[Dataset extract Boundary: Start]
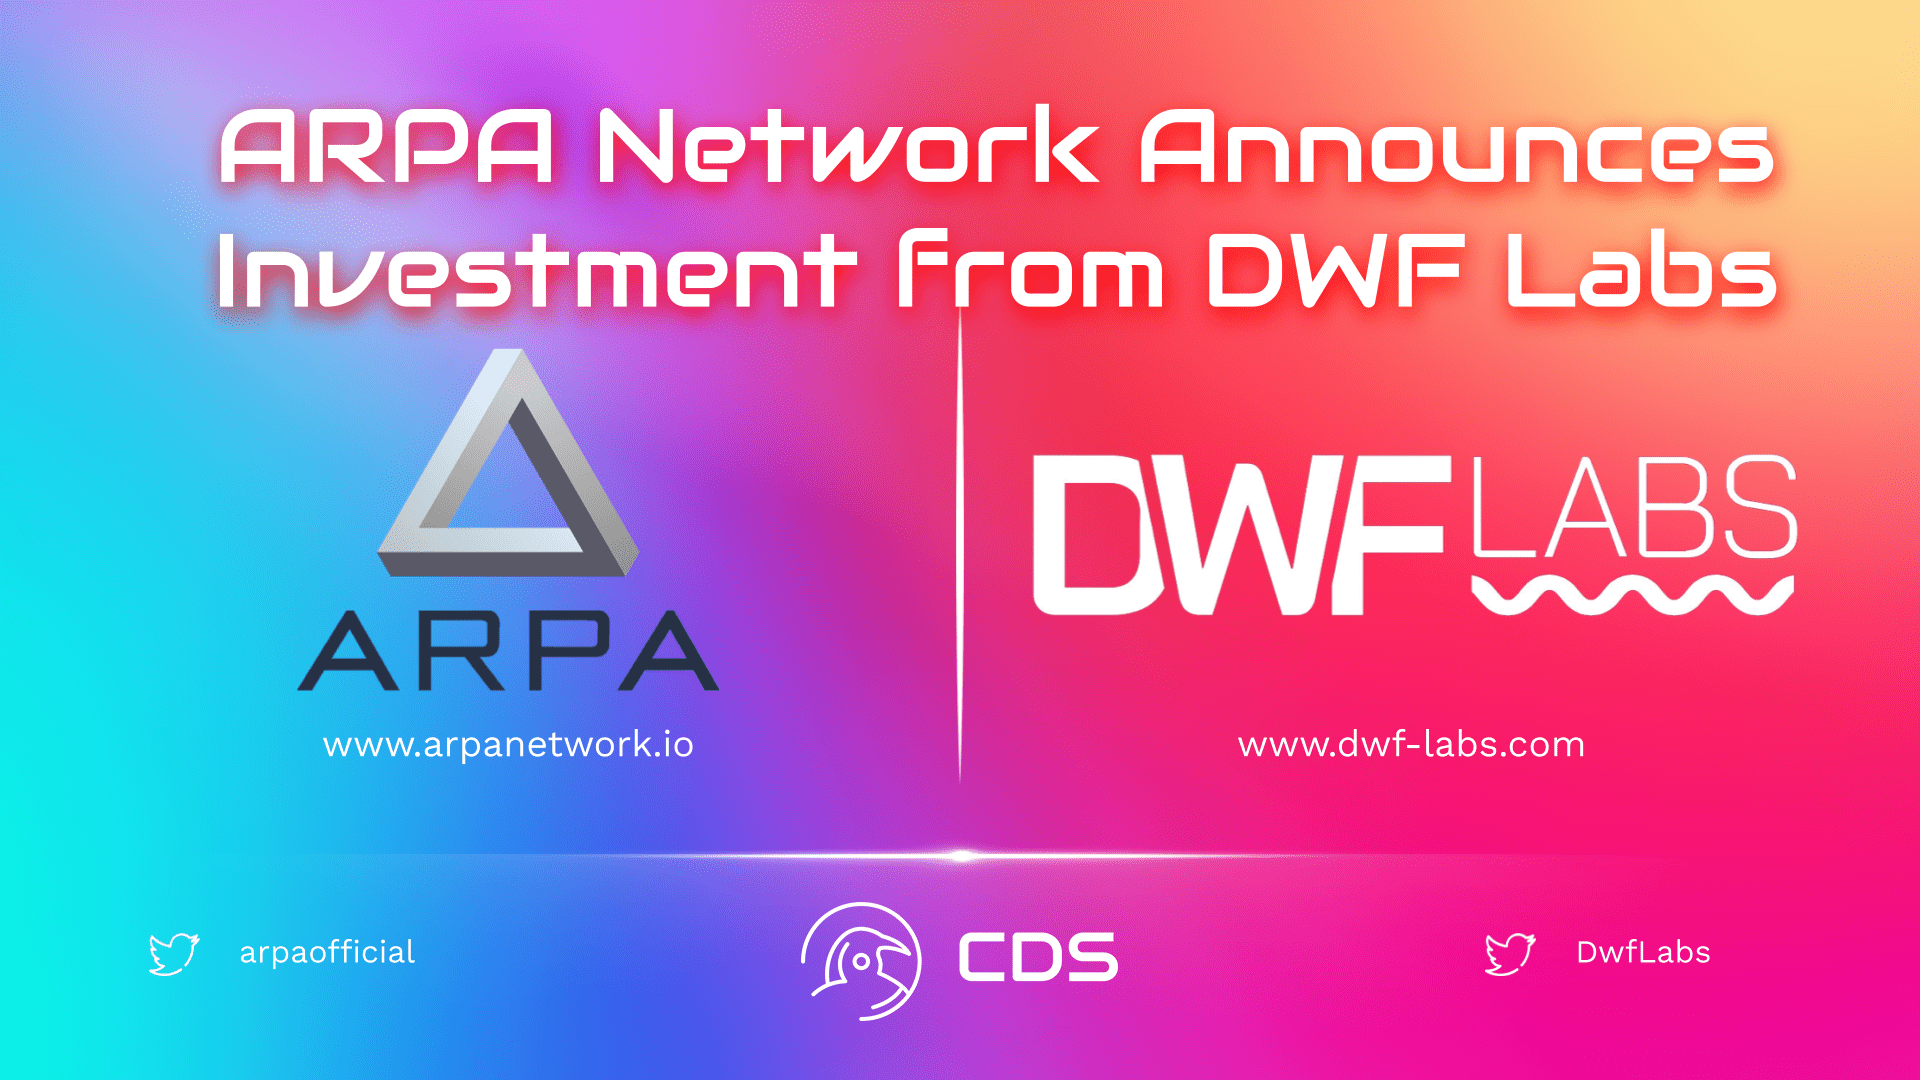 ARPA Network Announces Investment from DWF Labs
[Dataset extract Boundary: End]
[Dataset extract Boundary: Start]
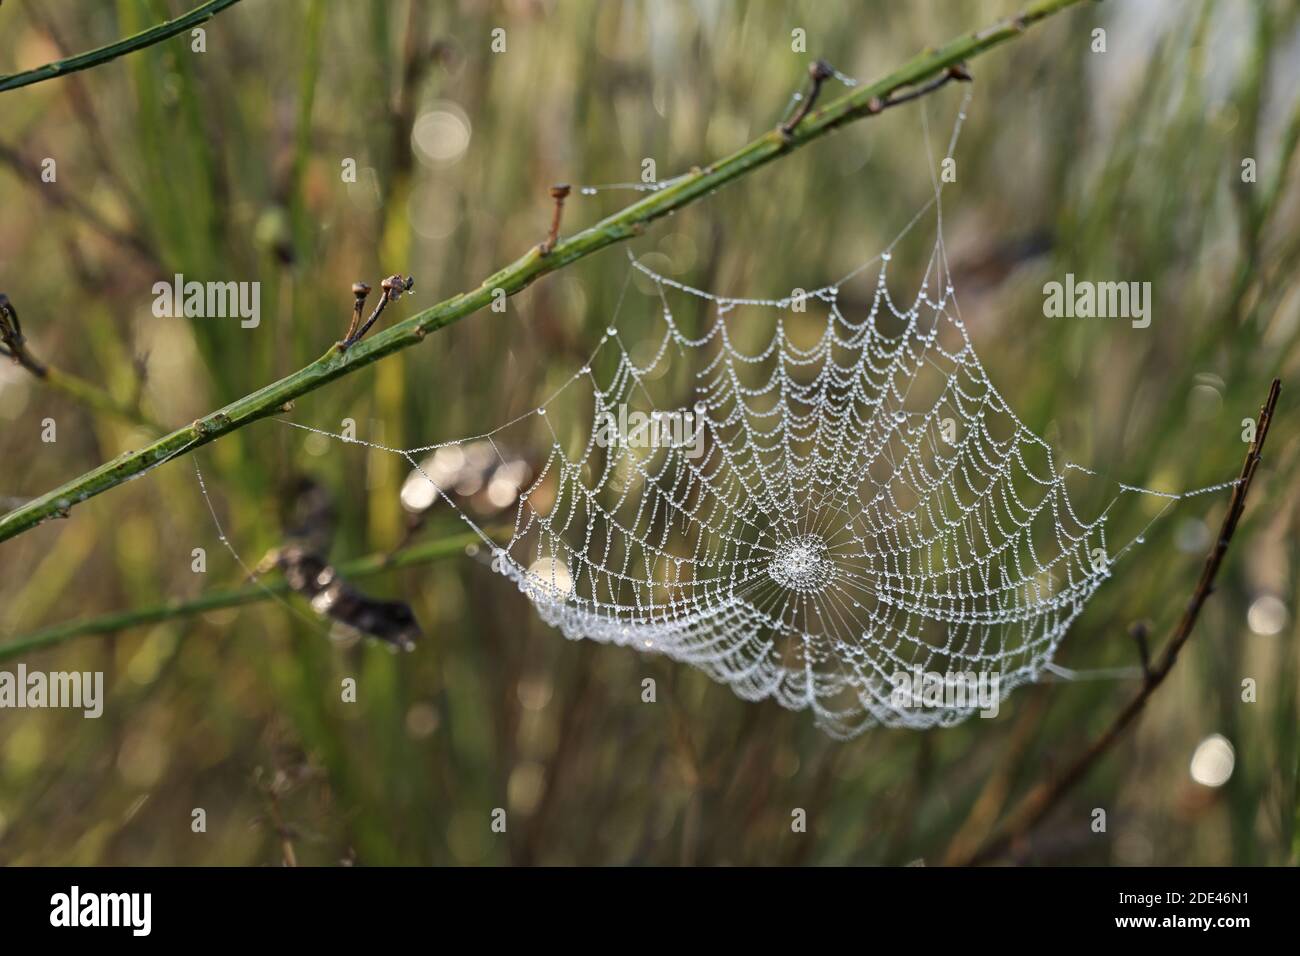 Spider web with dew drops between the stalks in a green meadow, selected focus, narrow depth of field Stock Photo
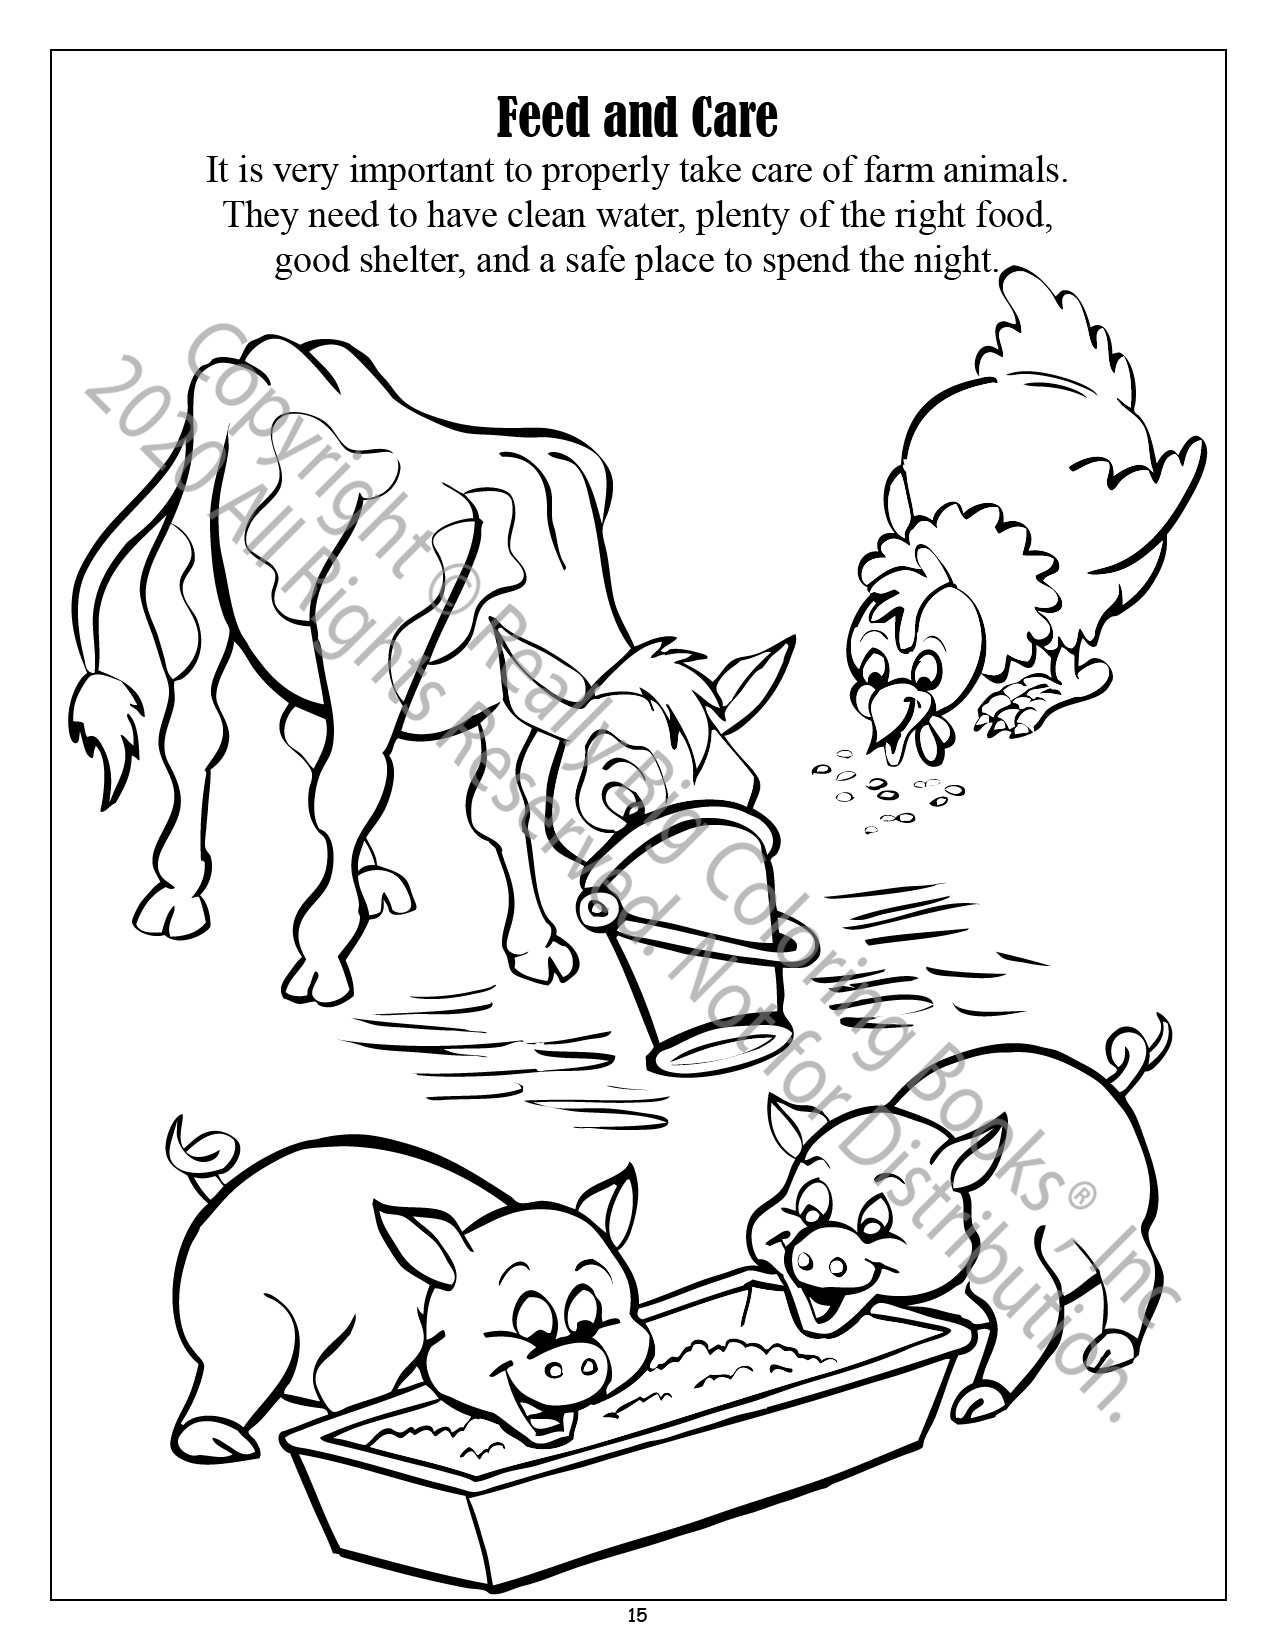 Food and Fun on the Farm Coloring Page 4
[Dataset extract Boundary: End]
[Dataset extract Boundary: Start]
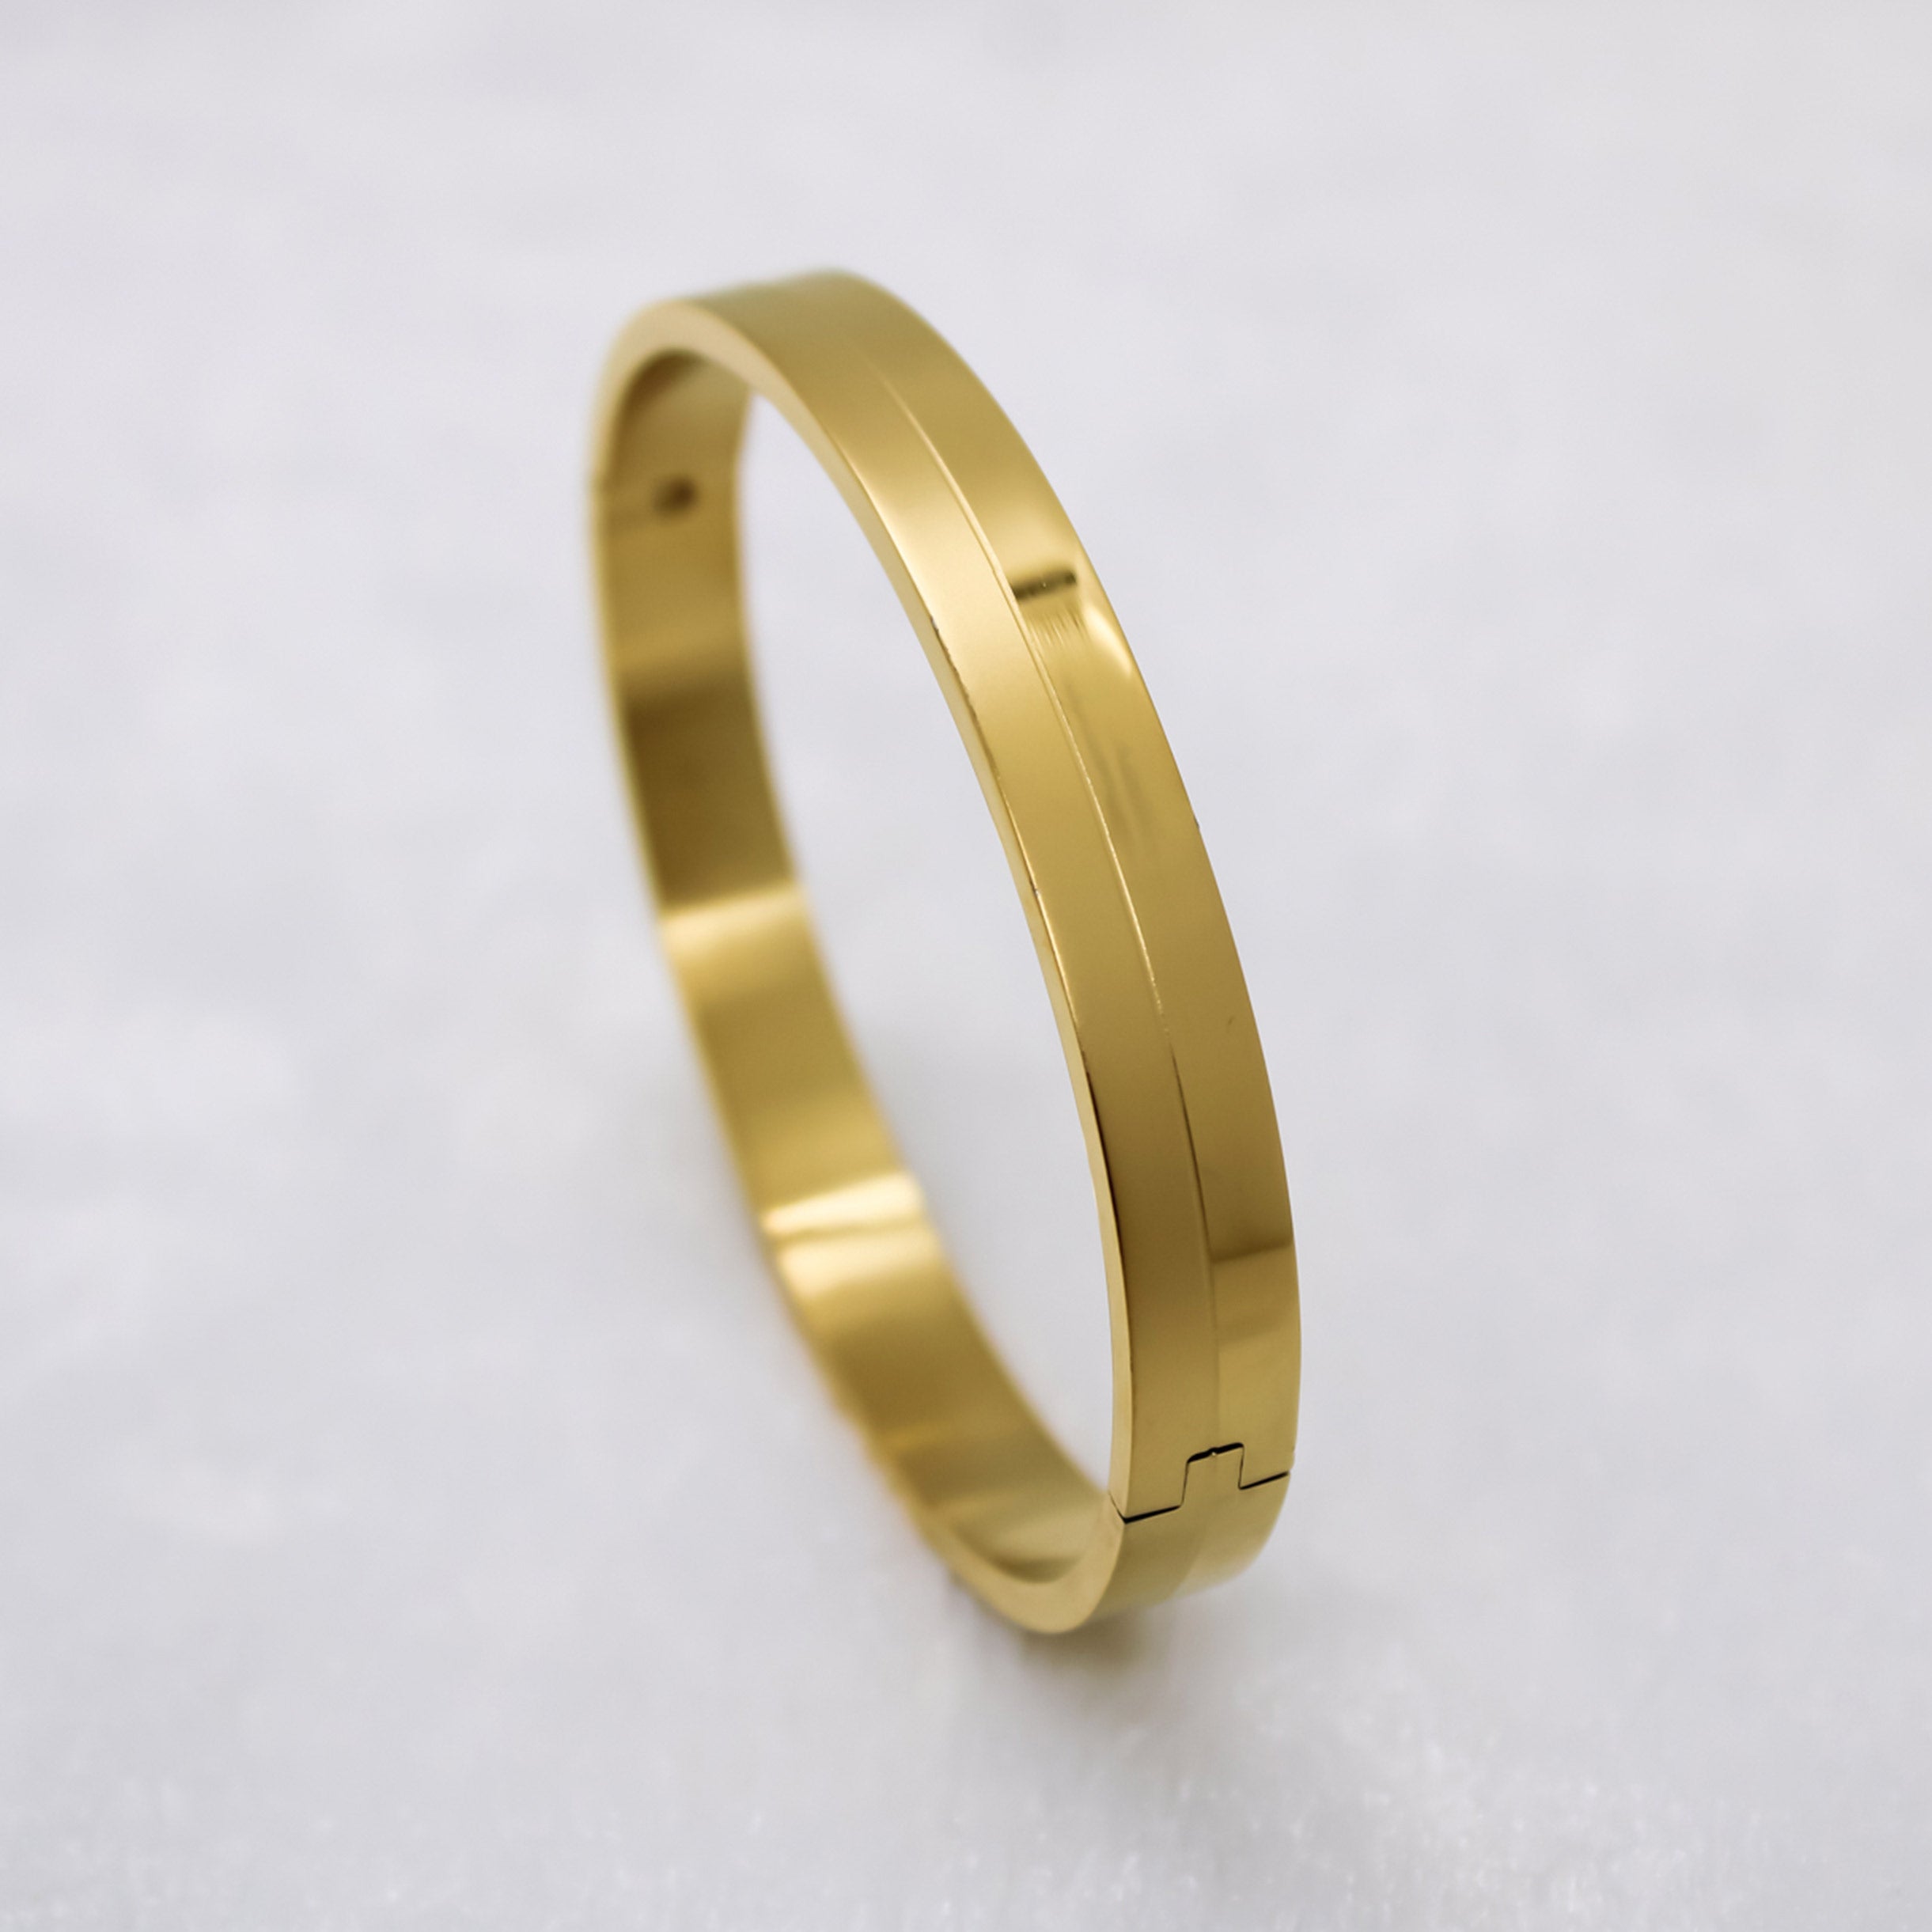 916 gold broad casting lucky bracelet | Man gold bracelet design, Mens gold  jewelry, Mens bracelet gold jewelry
[Dataset extract Boundary: End]
> **What you are asked to do**:
From the listing above, restate verbatim the lines running from the one with "Spider web with" through the one with "Food and Fun on the Farm Coloring Page 4", inclusive, but not the pictures.

> **Answer to this exercise**:
 Spider web with dew drops between the stalks in a green meadow, selected focus, narrow depth of field Stock Photo
 Food and Fun on the Farm Coloring Page 4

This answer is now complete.